Он не бил – он избивал Гундионова веником. Изо всех сил, с остервенением. Он отводил душу, но скоро устал и уже не получал удовольствия от случайной этой трепки, тем более что удовольствие получал сам наказуемый. Начальник его смеялся, пищал и иногда вскрикивал:
– Ох, Пашка, милый, дорогой! Ой спасибо! Ой услужил! Ох, век не забуду! Да чего там век, – заговорил он вдруг осмысленно. – Как деревня твоя называется?
– Малиновкой называется.
– Теперь в твою честь будет Павловка, – заключил Гундионов. – Нет, отставить. Лучше: Павловская слобода! Как?
– Годится, – оценил Павел.
Ночевали в доме Клюевых, в избе. Все улеглись, Гундионов уже всхрапнул раз-другой на печи. Павел вышел во двор покурить.
У крыльца в одиночестве стояла старушка.
– Ты, бабушка, чего тут? Ложись иди, – сказал Павел.
– Это кто ж такой? – проговорила старушка.
– Кто?
– Да на печи лежит.
– А! Сам Гундионов. Хозяин наш, поняла?
– Так кто? – упрямо твердила старушка, лицо ее было испуганным.
Павел сжалился:
– Ты чего, бабушка? Да шеф мой, шефуля, шефчик.
– Малость с придурью, а так ничего, хороший мужик.
Старуха перекрестилась. Залаяла собака.
Коридор, дверь. За дверью комната, человек в пижаме за письменным столом. Изучает бумаги, помешивает ложечкой чай в стакане.
– Войдите. Это кто? Ближе, пожалуйста. Они мне устроили аварию, я почти не вижу. Но обострилось внутреннее зрение. Можешь не представляться, Павел Клюев. Вот ты и пришел ко мне, настал этот день! Садись, рассказывай. Как жизнь, какие дела?
– Идут дела.
– Наслышан. Слежу за тобой. Радуюсь. Талант талантом, он на тебя с неба упал, а характер сам приобрел, верно? Дома у тебя как?
– Всё хорошо.
– А сам? Устаешь? Как здоровье?
– Не жалуюсь.
– Пришел меня убить? Действуй. Теперь осечки не будет. Ткнешь пальцем – и готов. Умру от старости.
– Вы прекратите! – сказал Павел Сергеевич.
– Ты никуда не денешься. Это в голове у твоего хозяина. Прочтешь его мысли и убьешь. Так было не раз.
– Я никого не убивал.
– И это придется взять на душу! – Брызгин извлек из стола папку. – Вот, досье на тебя. Его мысли, твои свершения. Он и не приказывал, а ты действовал!
– Под гипнозом, что ли? – усмехнулся Павел Сергеевич.
– Не исключаю. Но главное, сам хотел угодить.

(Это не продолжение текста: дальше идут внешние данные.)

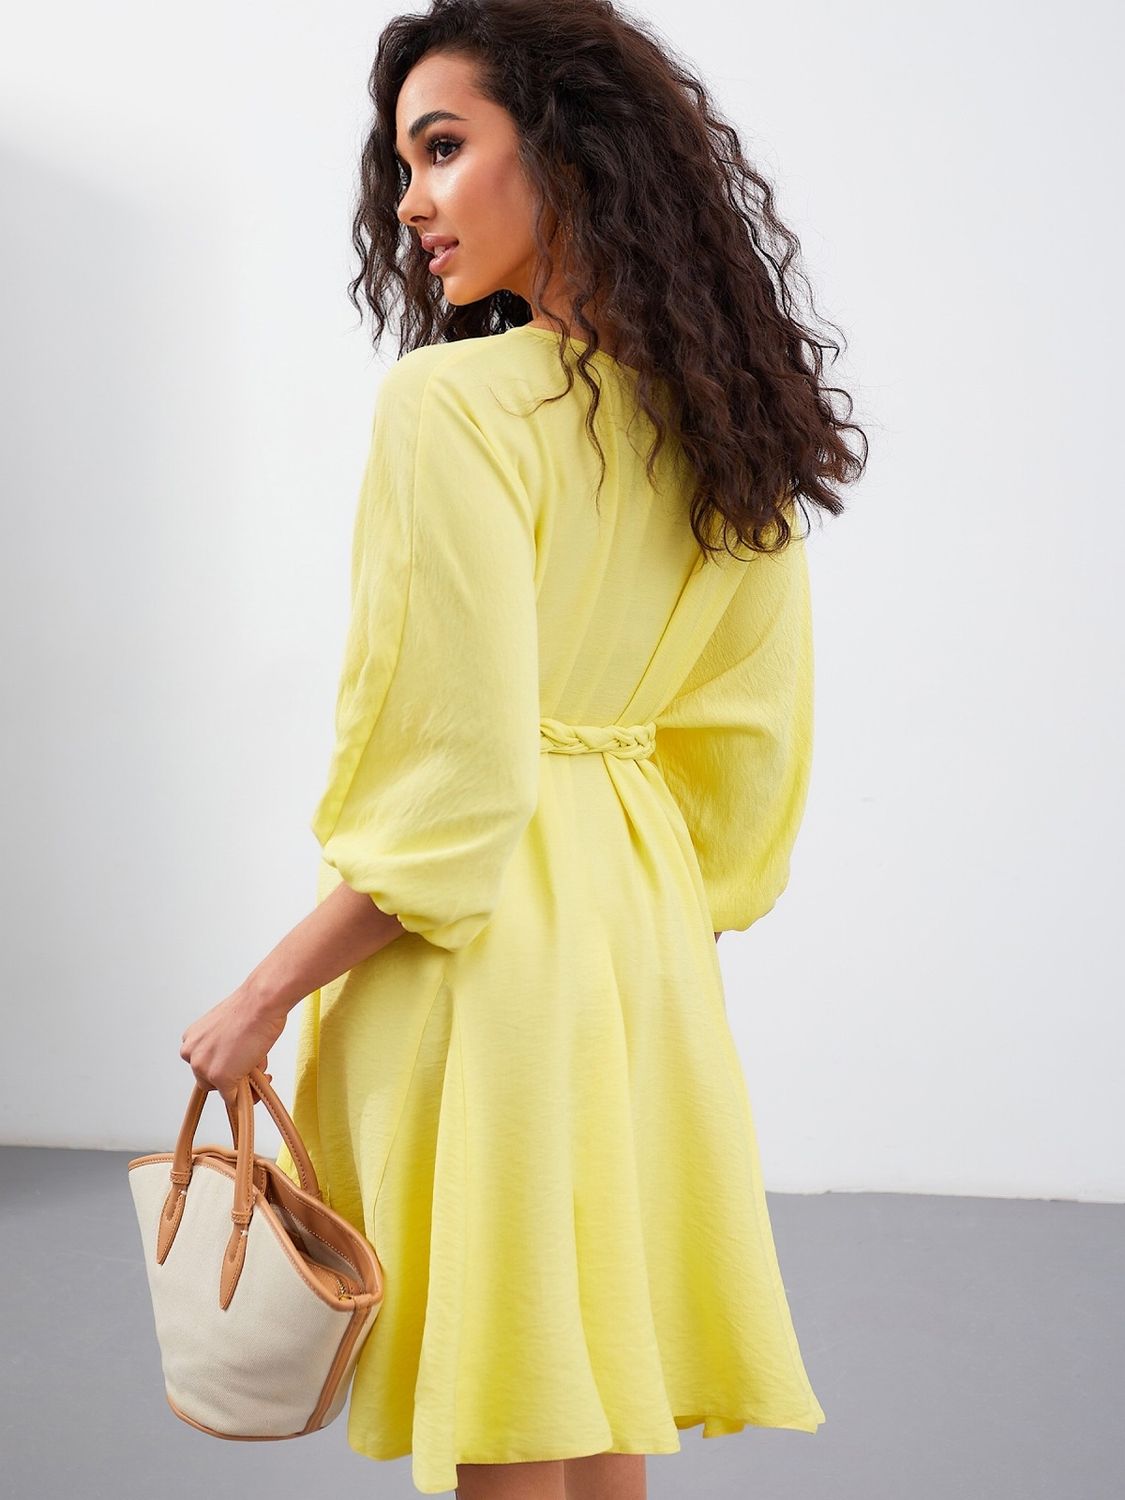 Яркое летнее платье трапеция желтого цвета - фото

Вот так, Павел Клюев!
Зазвонил телефон. Брызгин взял трубку:
– Занят. Нечего советоваться. Не можете без няньки, Сырцов. Разбирайтесь.
И снова обернулся к гостю:
– Был на концерте у тебя, Верди слушал. Я твой горячий поклонник. – Старик разглядывал Павла Сергеевича с доброжелательным любопытством. – Ты не огорчайся. Все, вместе взятое, не потянет на срок. Тебя, может, и не посадят совсем. Точно не посадят.
Помолчав, счел нужным договорить:
– Если, конечно, не причастен к аварии. А есть у меня такое подозрение, есть!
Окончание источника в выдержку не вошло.